My heart is a black hole
Shared by Diana Georgia
Time check. It is two in the morning. Great. It is still early. I think I can still stay up until five. I am listening and crying to a song by one of my favorite rock bands, and I almost had another panic attack half an hour ago. I tried my best not to by trying to breathe slowly through my mouth. Right now, I can’t clearly see what I am typing as my eyes are clouded with tears.
I am lonely and I feel broken. I am aching for you… you who don’t give a damn about my feelings. I have been sleepless for so many nights now because I can’t stop thinking about you. I keep waiting for you, believing that maybe, if I keep trying to reach out to you, and hoping that you would feel something for me too, you actually would.
But so far, all we have are words that aren’t turned into actions. Yes. I know you liked me, but that was it. Nothing else. We’re not together. We’re not even friends, I guess, because when you’re friends with someone, you don’t make that person feel ignored and alone.
I feel so alone and exhausted. I hope to be able to sleep early in the evening without feeling lonely and not thinking of anyone. I hope to be able to wake up happy and content in the morning, and not having to think of you. I hope to be able to just focus on loving and respecting myself. But again, these are all just hopes, and for the longest time, all my hopes have apparently been going down the drain for so many times.
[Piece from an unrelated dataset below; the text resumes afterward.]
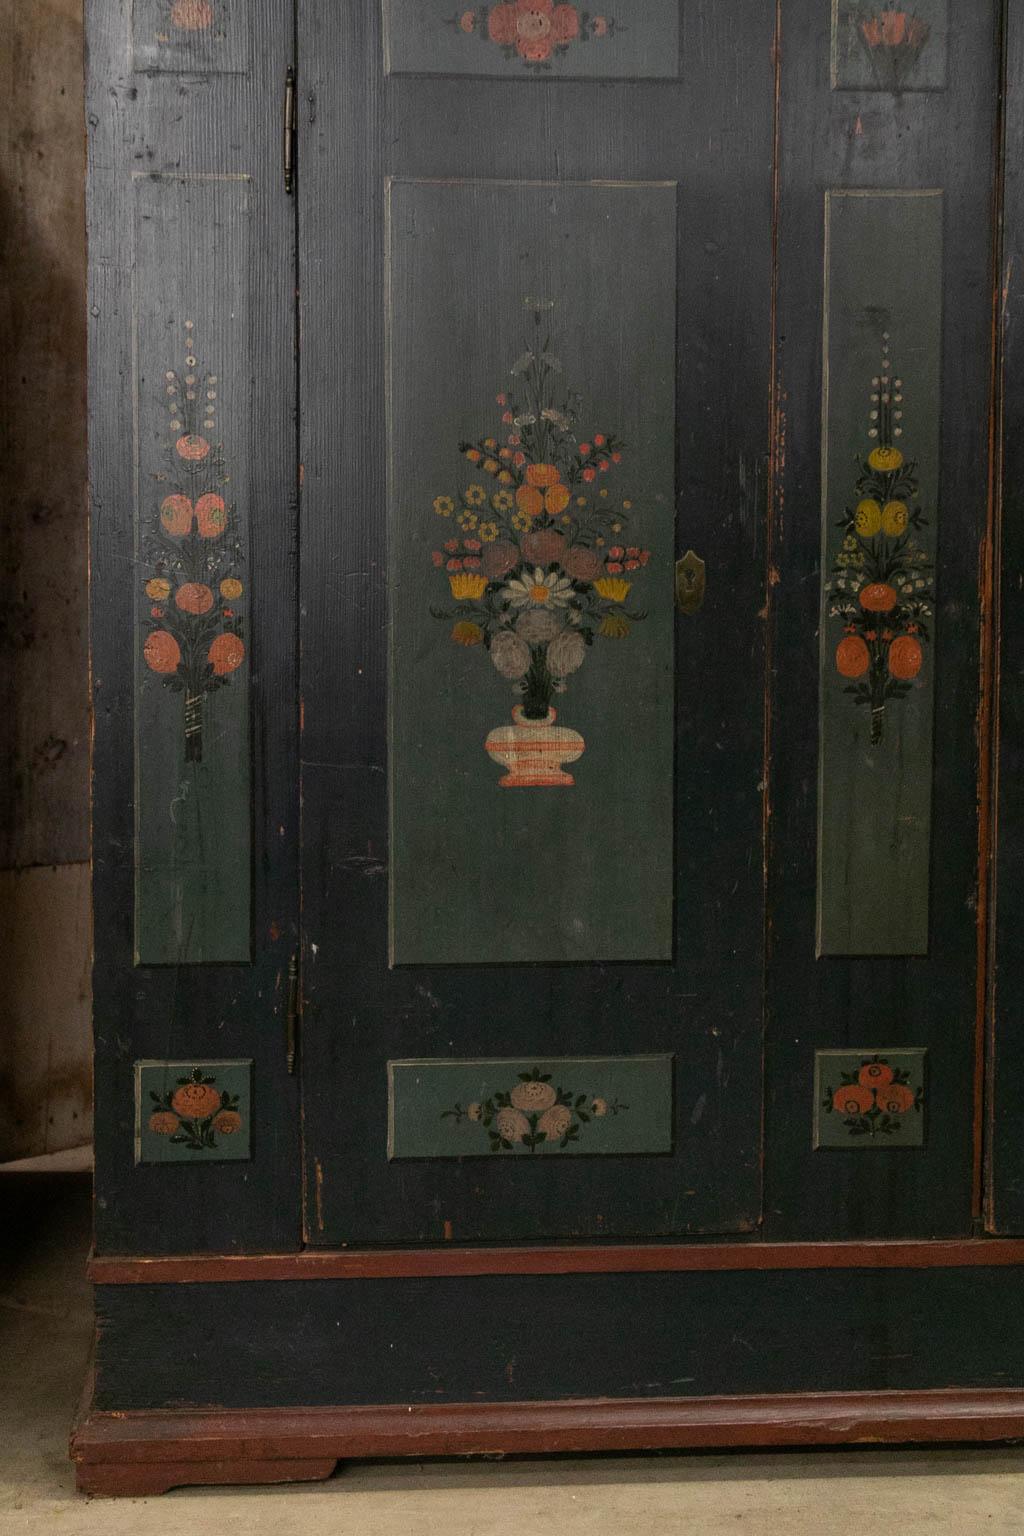 The interior of this armoire is fully open. The door's center panel and stiles are painted with floral decoration. The name and date is painted in the frieze. The right hand door has had a crack repaired. The sides are also painted with three floral
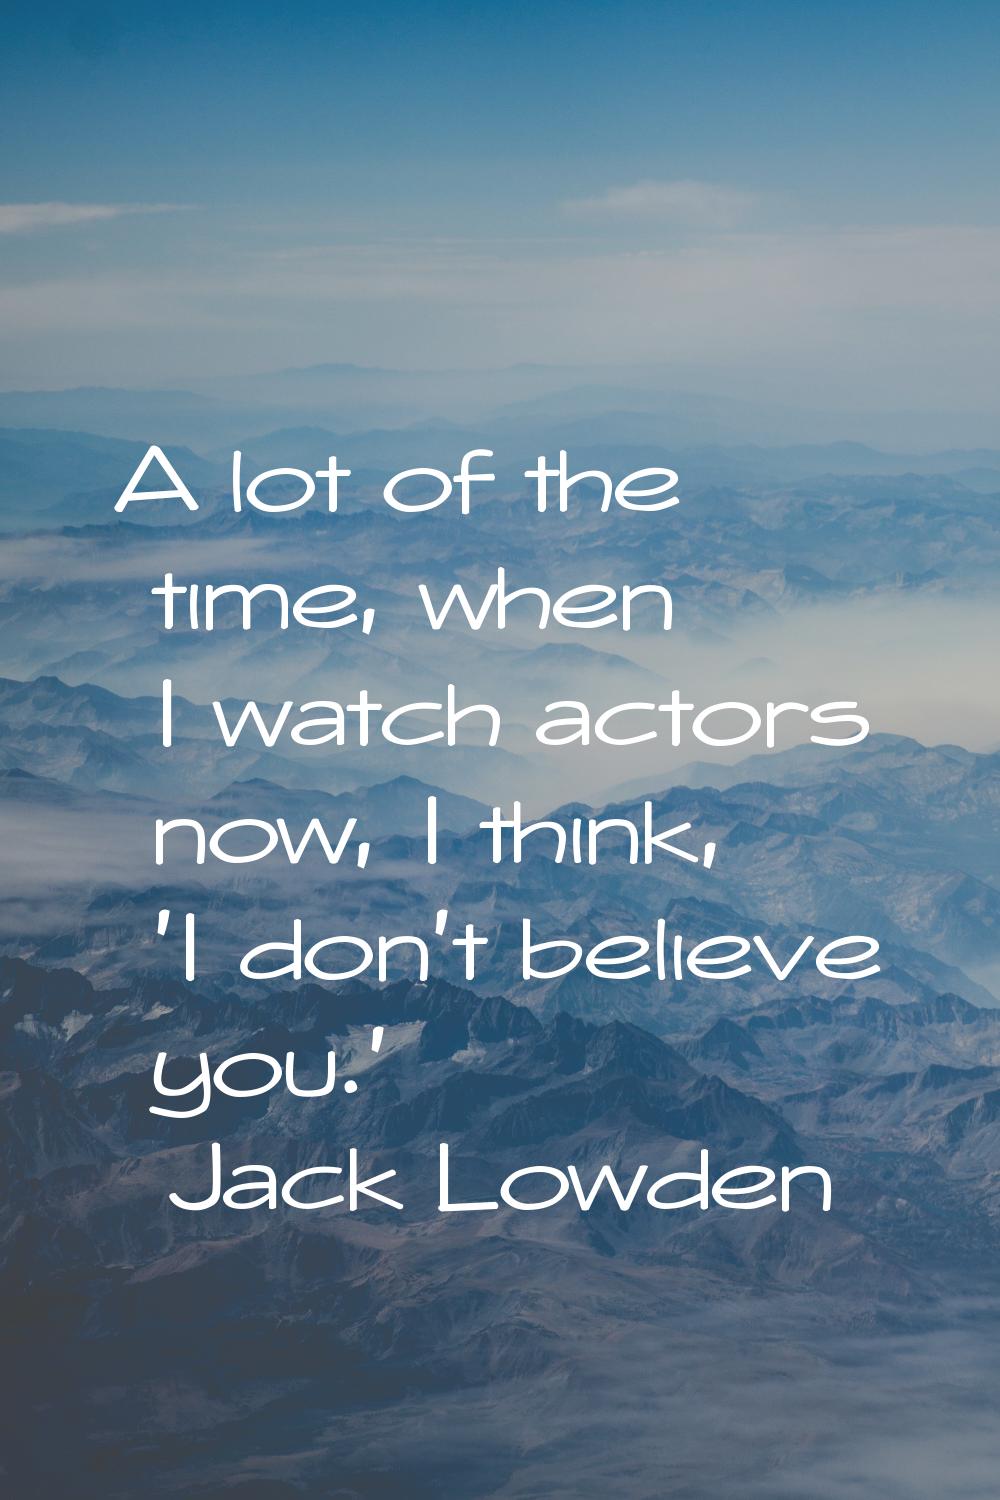 A lot of the time, when I watch actors now, I think, 'I don't believe you.'

I am extremely blue, but I have been trying my best to stay happy. I have been pretending to be brave and strong for the people I love. I do it to be able to inspire and remind everyone that there’s more to life than feeling constantly down. While it does great things to other people, it doesn’t cause me anything but constant emptiness. People think I am happy, so they never bother to ask how I am.
And so, I have decided to start expressing how I truly feel and stop faking it. I am sad, lonely, broken, jaded, and empty. My feelings are all over the place. I am so messed up. All because I let myself fall for someone who isn’t ready to reciprocate. I am hurting and bleeding inside. It hurts that I can’t demand anything from you since we’re not really committed to each other. And it hurts that I can’t tell you that I am already in love with you, because you would never believe it.
I feel like my heart is a black hole, yet I am so scared of falling. I don’t just easily fall for anyone, and I would rather prefer having people to fall for me instead. I would even rather fall for someone like me. But I guess we can never stop gravity from pulling us closer to each other.
So when I found you, I instantly got pulled and attracted to you big time. My heart had easily fallen for you, and I don’t understand how and why. And although you were fast enough to escape from it, I don’t think it can ever escape you.
I have cried so much tonight. I have just let out all the pain that has been lurking inside my heart for a long time, and I feel so empty. I am going to stop now. My heart will always be a black hole. You will never see it.